Game design advice: Forgive slight player's mistakes

You, as a developer, know every detail of your game. You played it multiple times before the release. So, your perception of a game's difficulty might drastically differ from the perception of the players who play it for the first time in their life. Yes, quite a number of developers set the difficulty in their game to be too high.

Especially this tendency became wide-spread after the success of Flappy Bird. Many beginner developers thought, that if a super-difficult game became popular, that if they'd made a super-difficult game, it will instantly become popular. We've got a flood of really difficult games, but most of them failed to grab the player's attention.

But the point is that even "hardcore" game doesn't mean "punish the player for every mistake".You don't need the player to leave after the first mistake. Let's look at one of the classic games, Canabalt. It gave birth to the whole genre of runners-jumpers. The game is really difficult, but addictive. The treatment of the players' mistakes in interesting there.

The real platforms' sizes in the game engine are a few pixels more than the platforms' visuals. This gives the player an chance to jump right from the edge, even to be tiny bit of second late, but still jump from the very edge of the platform. Thus, the player experiences a "near-miss" emotion, which tightens the link to the game.
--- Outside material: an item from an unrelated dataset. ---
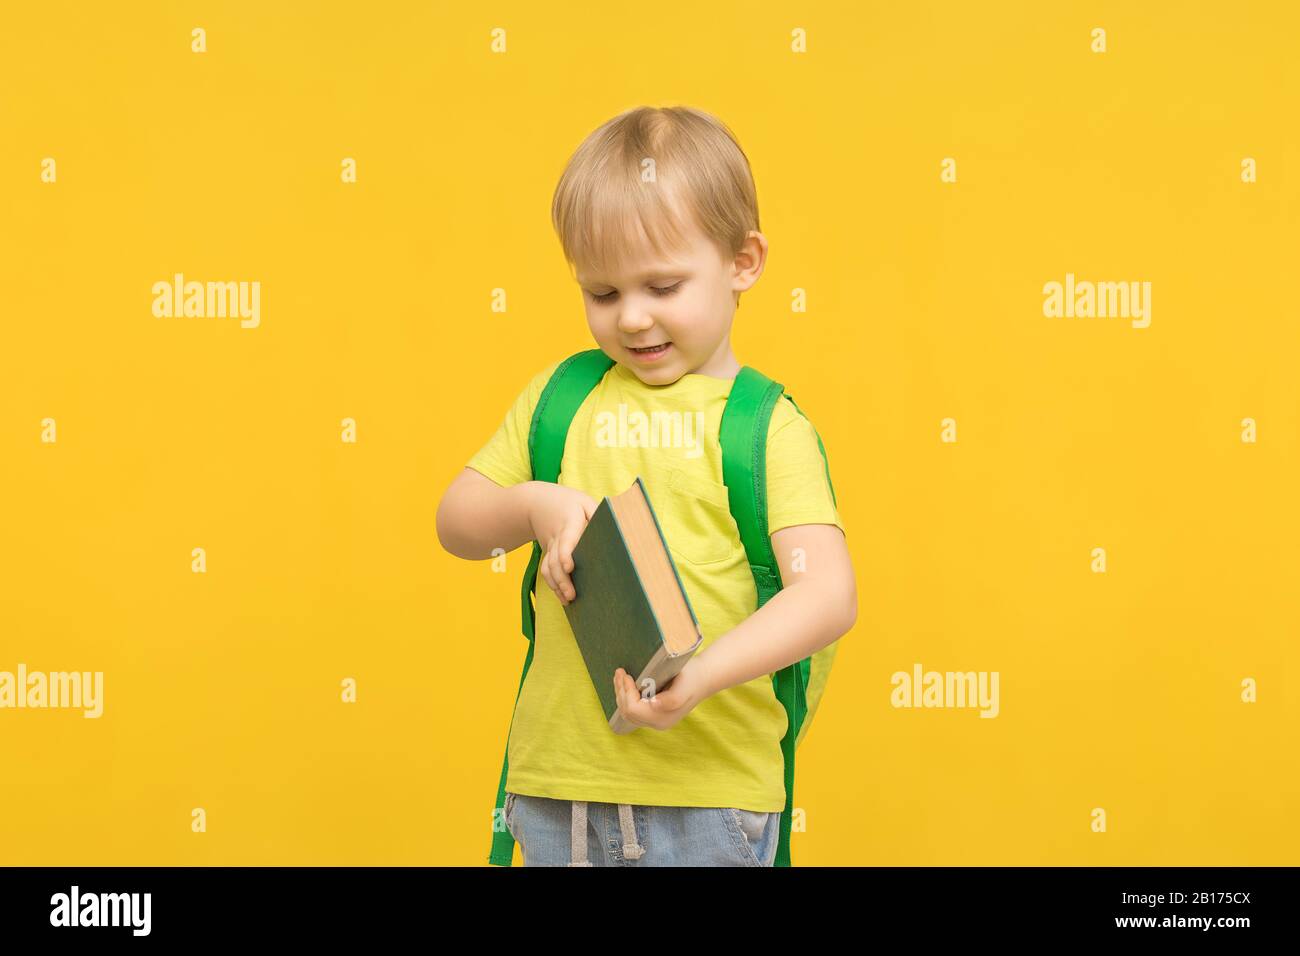 Kinderblonder Junge mit Rucksack öffnet ein Buch auf einem gelb hellen Hintergrund. Konzept für Artikel über Studium, Lesen, Kindheit und Vorschule Childre Stockfoto

Another good example of how forgiveness increases game's playability is Super Sneak Story. In this game you play as a robber who mustn't be spotted by police. In most of the games of this genre "being spotted" = "game over". But not in this one. If the policeman sees you, the new game phase starts: a Chase! You still have a chance to evade the police. Even if the distance between the burglar's and the policeman's sprites is few pixels, you still have a chance to perform an unexpected maneuver and hide.

This advice can be applied to the game of any genre.  For example, in any game which has bonuses and enemies, you can make the actual sizes of the bonuses slightly bigger than their visuals, and the enemies - slightly smaller.

Always keep in mind, that the players see your game for the first time in their lives. And they have a great variety of games to play, instead of yours. And your task is to keep their attention.

So, forgive slight player's mistakes.